Great Mediators in History #8. José Manuel Ramos-Horta

Updated: Jul 8, 2019

· Born 1949

· Grand-Cross of the Order of Liberty, Portugal (1998)

· Co-recipient of the Nobel Peace Prize with Carlo Filipe Ximenes Belo - 1996

· Minister of Foreign Affairs, East Timor - 2002 to 2006

· President East Timor 2007-2012

· Special Representative and Head of the United Nations Integrated Peacebuilding Office in Guinea-Bissau (UNIOGBIS) 2013.

Ramos-Horta was born in 1949 to a Timorese mother and a Portuguese father, who had been exiled by the Salazar dictatorship. Of his eleven brothers and sisters, four were killed by the Indonesian Military. He and speaks fluently in five languages.


In 1975, after Portugal had devolved its colonial rule, East Timor was occupied by Indonesia. José Ramos-Horta was one of the leaders of the resistance. He did not take up arm himself, but left the country as foreign minister in the government set up by the liberation movement FRETELIN (Revolutionary Front for an Independent East Timor). For the next twenty years Ramos-Horta travelled the world pleading the cause of the East Timorese, above all in the United Nations.

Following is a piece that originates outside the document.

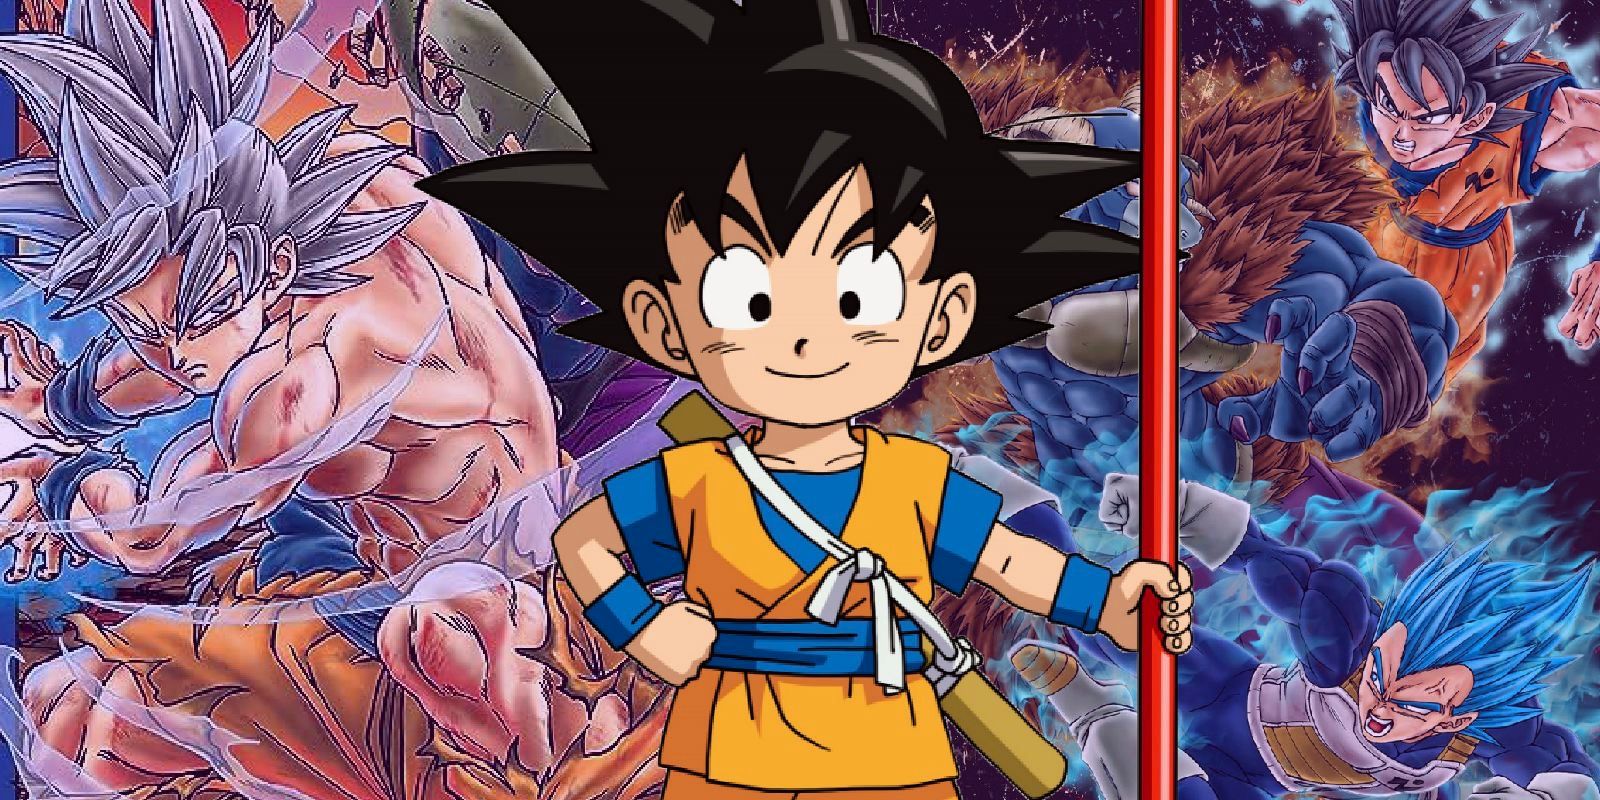 Dragon Ball Daima releases teaser trailer with potential release dates -  Spiel Anime

In the mid-1980s, Ramos-Horta began advocating dialogue with Indonesia, and in 1992 he presented a peace plan. It contained concrete proposals for humanitarian cooperation with the occupying power and a growing international presence headed by the UN. This was to lay the foundations for Indonesian withdrawal and self-determination for the East Timorese people.


Both these peace objectives were reached in 2001, and East Timor gained its independence.